Description of the task: Skip the pictures and give back the rest of the listing exactly.

Top of Data

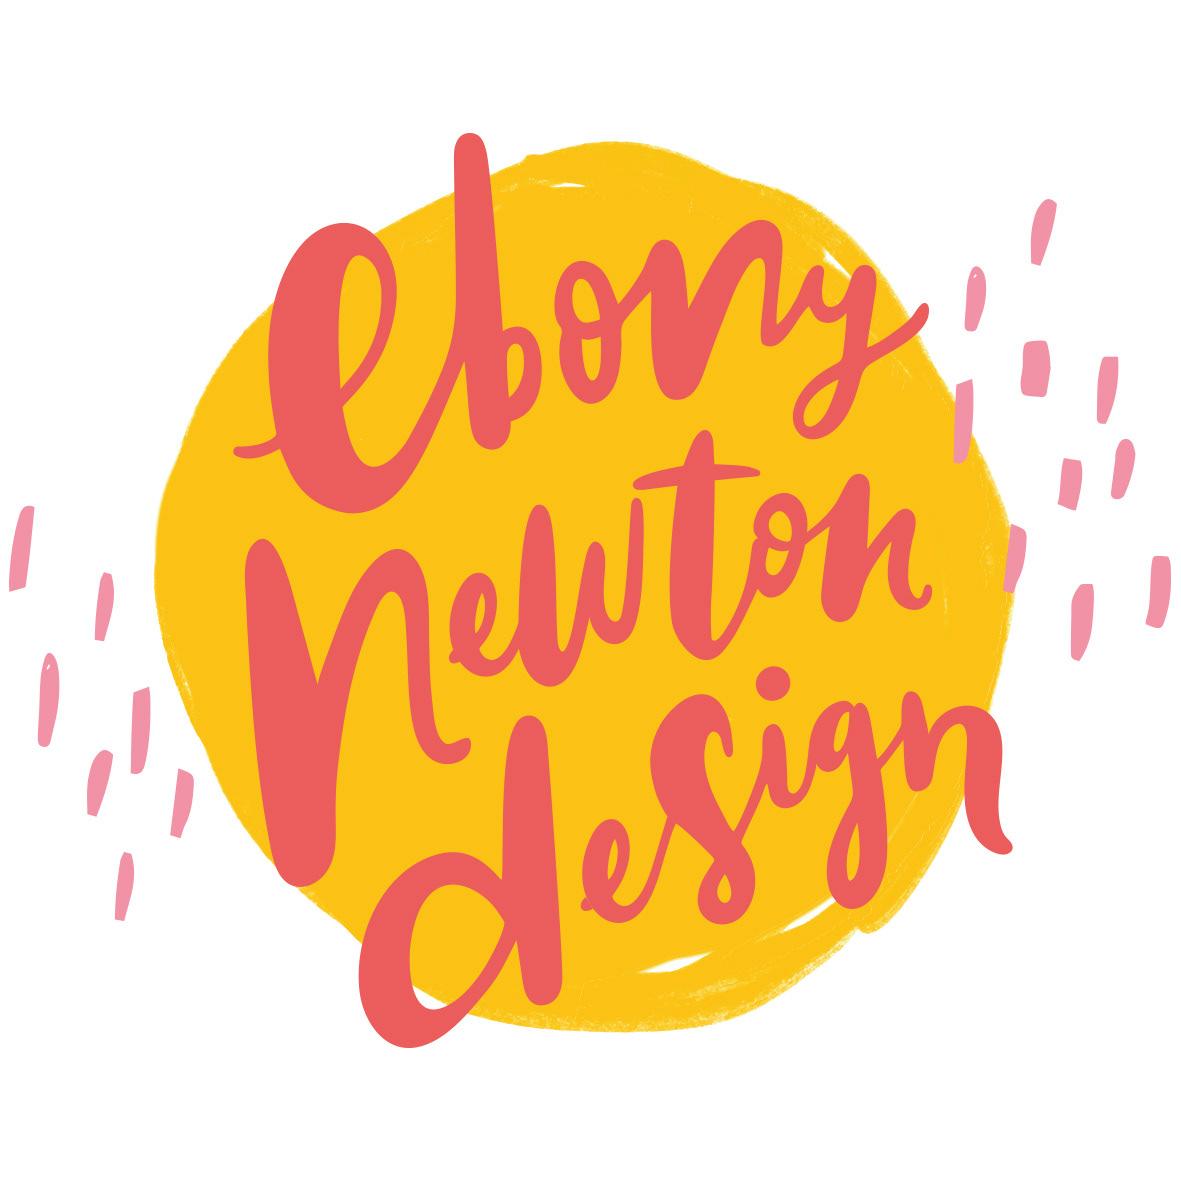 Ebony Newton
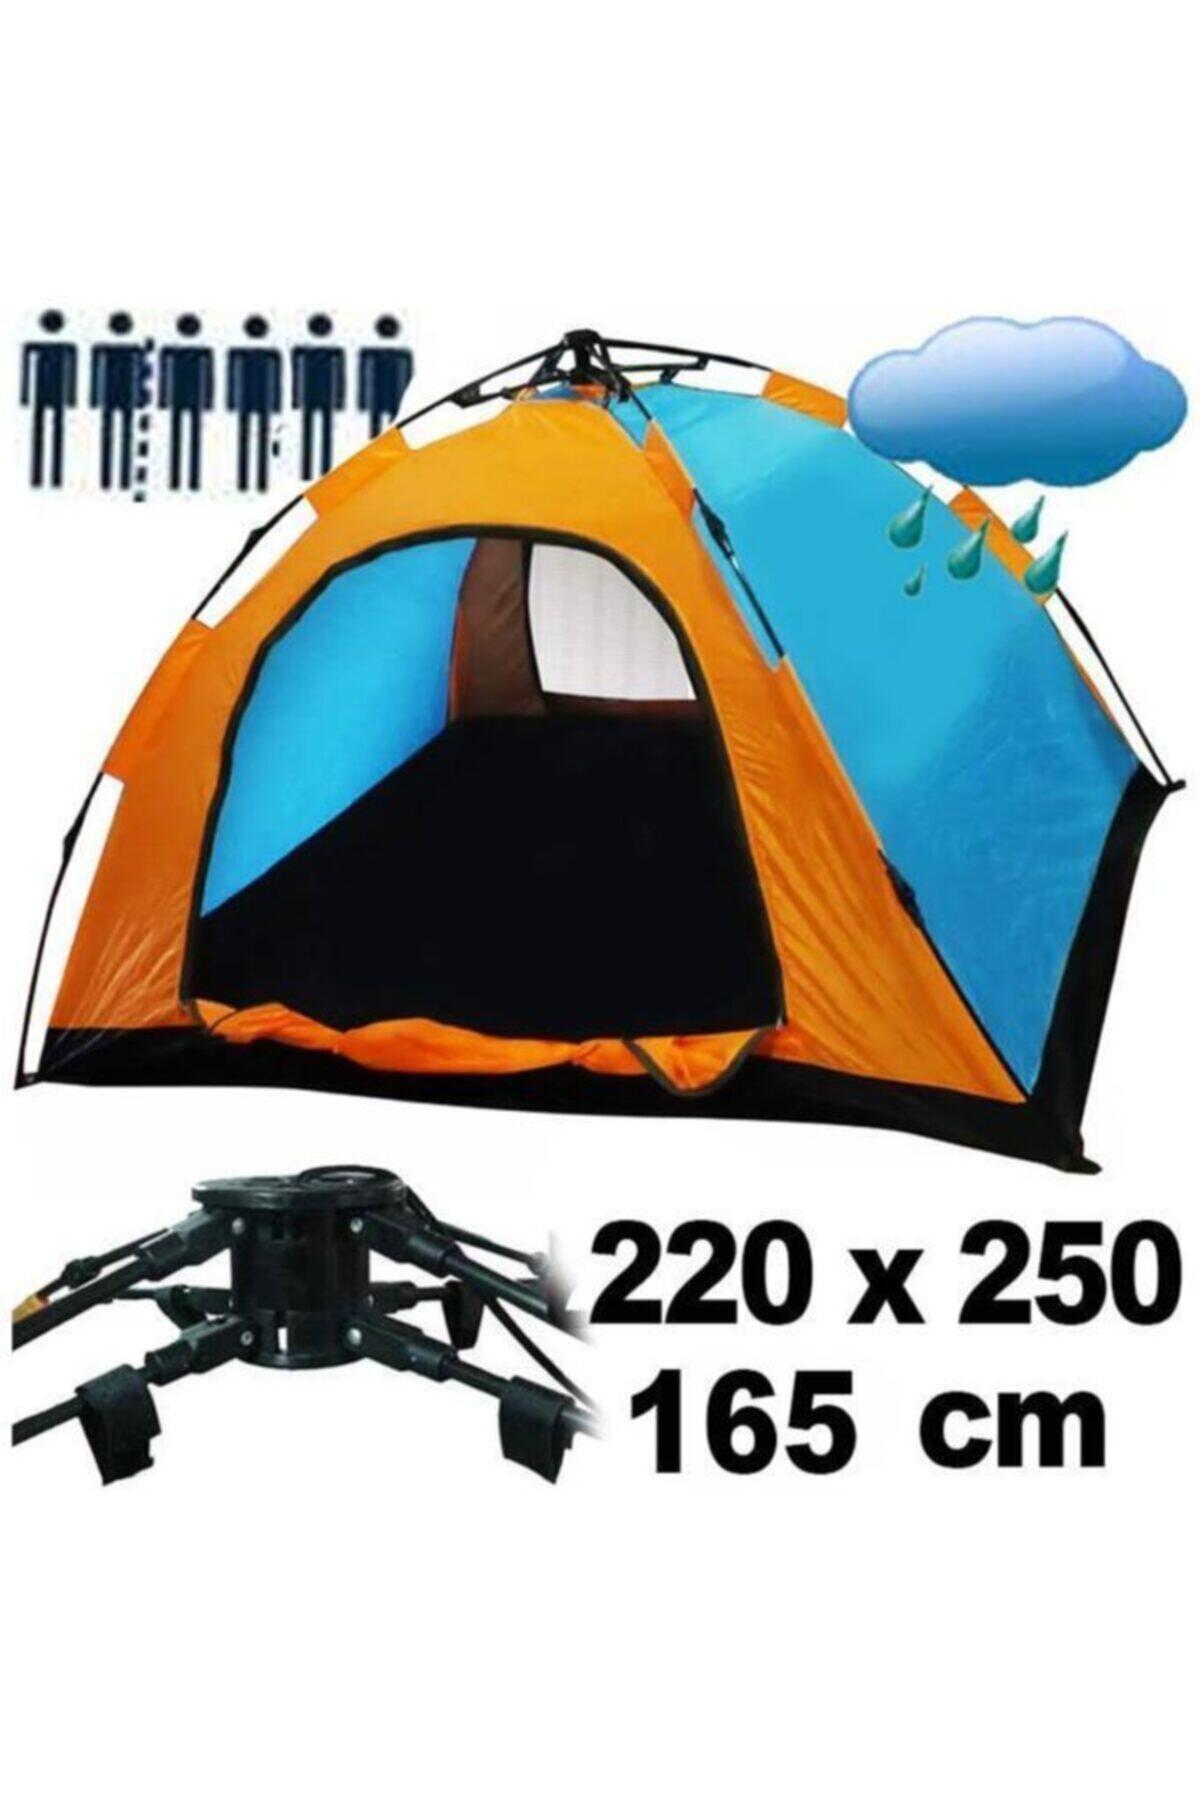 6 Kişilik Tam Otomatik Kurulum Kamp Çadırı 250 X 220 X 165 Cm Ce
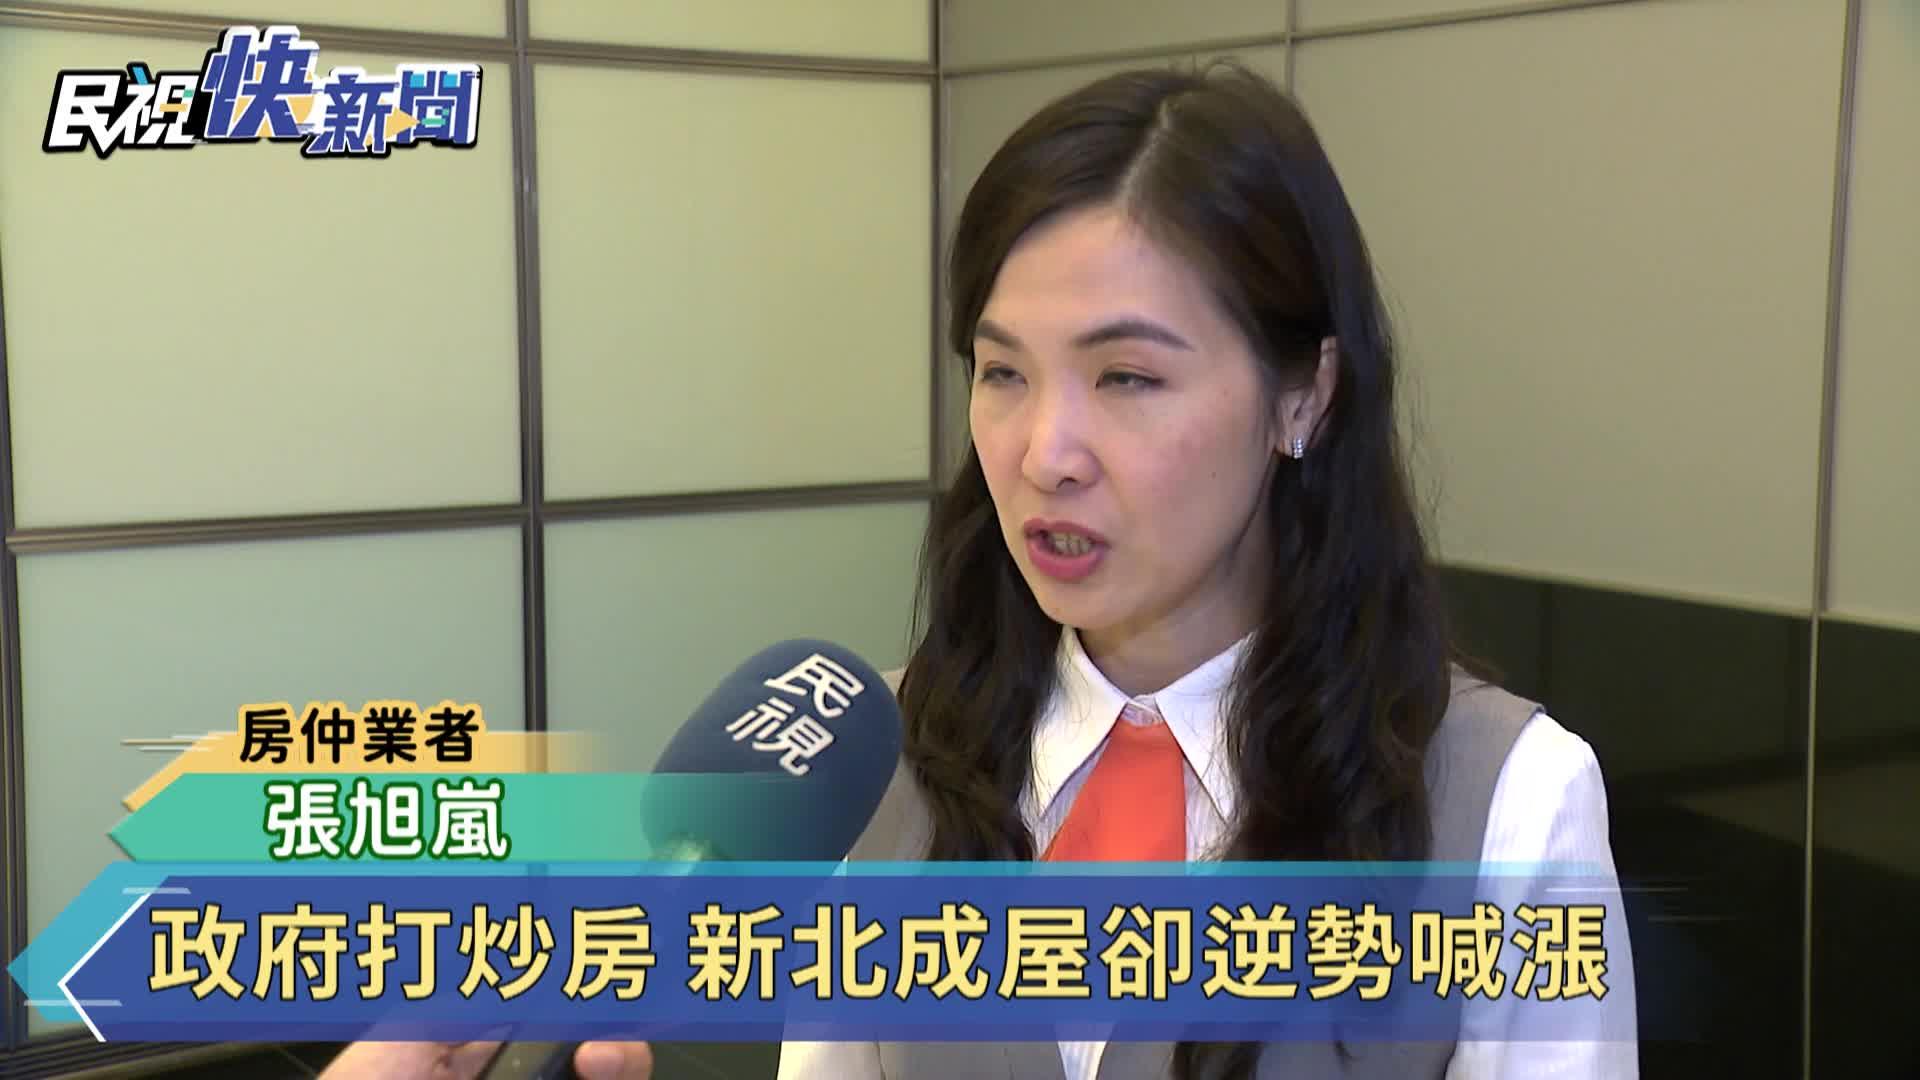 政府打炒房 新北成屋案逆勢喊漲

Bottom of Data

Solution to the exercise:
 Ebony Newton
 6 Kişilik Tam Otomatik Kurulum Kamp Çadırı 250 X 220 X 165 Cm Ce
 政府打炒房 新北成屋案逆勢喊漲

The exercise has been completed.